A year or two under Nash will do wonders for him imvho.


----------



## WildByNature (Jul 13, 2005)

*Phoenix Suns*
Outgoing Players: James Jones, Marcus Banks

Incoming Players 
-Earl Boykins (PTS: 10.9 REB: 1.5 AST: 4.1 PER: 14.62)
Salary: $2,950,000 Years Remaining: 1

-Reggie Evans (PTS: 6.7 REB: 8.2 AST: 0.8 PER: 15.50)
Salary: $4,000,000 Years Remaining: 5 


*Denver Nuggets*
Outgoing Players: Earl Boykins, Reggie Evans

Incoming Players 
-James Jones (PTS: 3.5 REB: 2.0 AST: 0.7 PER: 5.82)
Salary: $2,650,000 Years Remaining: 2


-Marcus Banks (PTS: 3.8 REB: 1.1 AST: 1.4 PER: 7.30)
Salary: $3,600,000 Years Remaining: 5

Would PHX and DEN do this trade?


----------



## nffl (Jun 25, 2006)

WildByNature said:


> *Phoenix Suns*
> Outgoing Players: James Jones, Marcus Banks
> 
> Incoming Players
> ...


PHX yes, DEN no.


----------



## rdm2 (Sep 17, 2005)

I would take that DEN/PHX in a heartbeat......


But Denver wouldn't.


----------



## Hyperion (Dec 5, 2006)

WildByNature said:


> *Phoenix Suns*
> Outgoing Players: James Jones, Marcus Banks
> 
> Incoming Players
> ...


They won't trade Junior, he is going to be a stud in a year and they know it. Besides Boykins has gone off on multiple occasions for 30+pts. Neither Banks nor Jones have scored that many points in their whole careers!


----------



## dru_jones (Dec 1, 2006)

who's junior? 

i also don't think the nuggets are going to sign off on this deal of yours. 
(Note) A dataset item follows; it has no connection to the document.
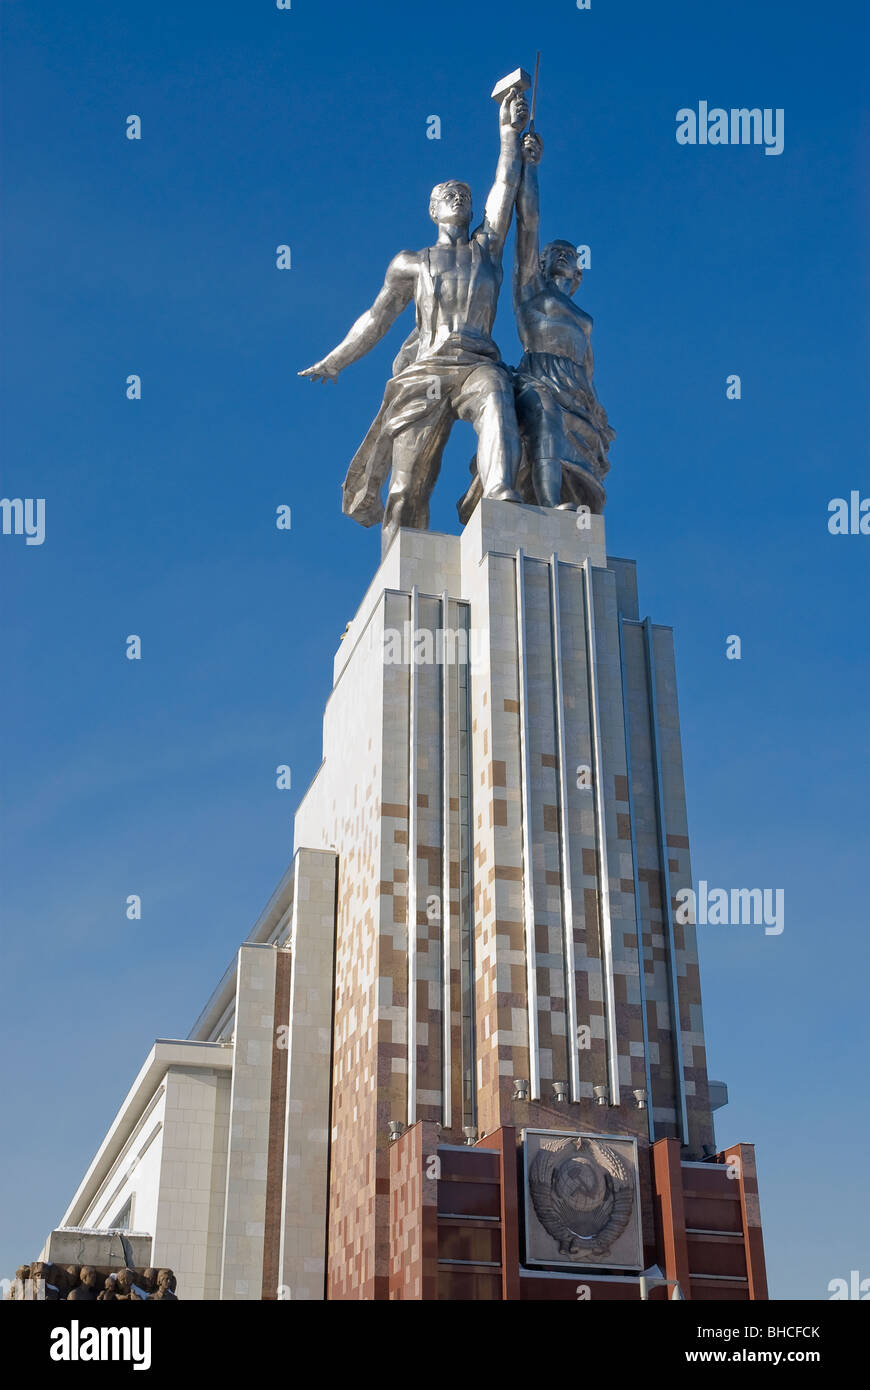 Denkmal für Arbeiter und Bäuerin des sowjetischen Bildhauers Vera Muhina. Gegründet 1937 und im Jahr 2009 restauriert. Moskau, Russland Stockfoto

if the suns do trade marcus, it would be to another team with a big need for a point guard. i know the cavs need a point guard. woud love for the suns to get varejao, they could package another spare swingman (piatkowski, james or jumaine) plus one of the suns first rounders next year.


----------



## Hyperion (Dec 5, 2006)

dru_jones said:


> who's junior?


james jones


----------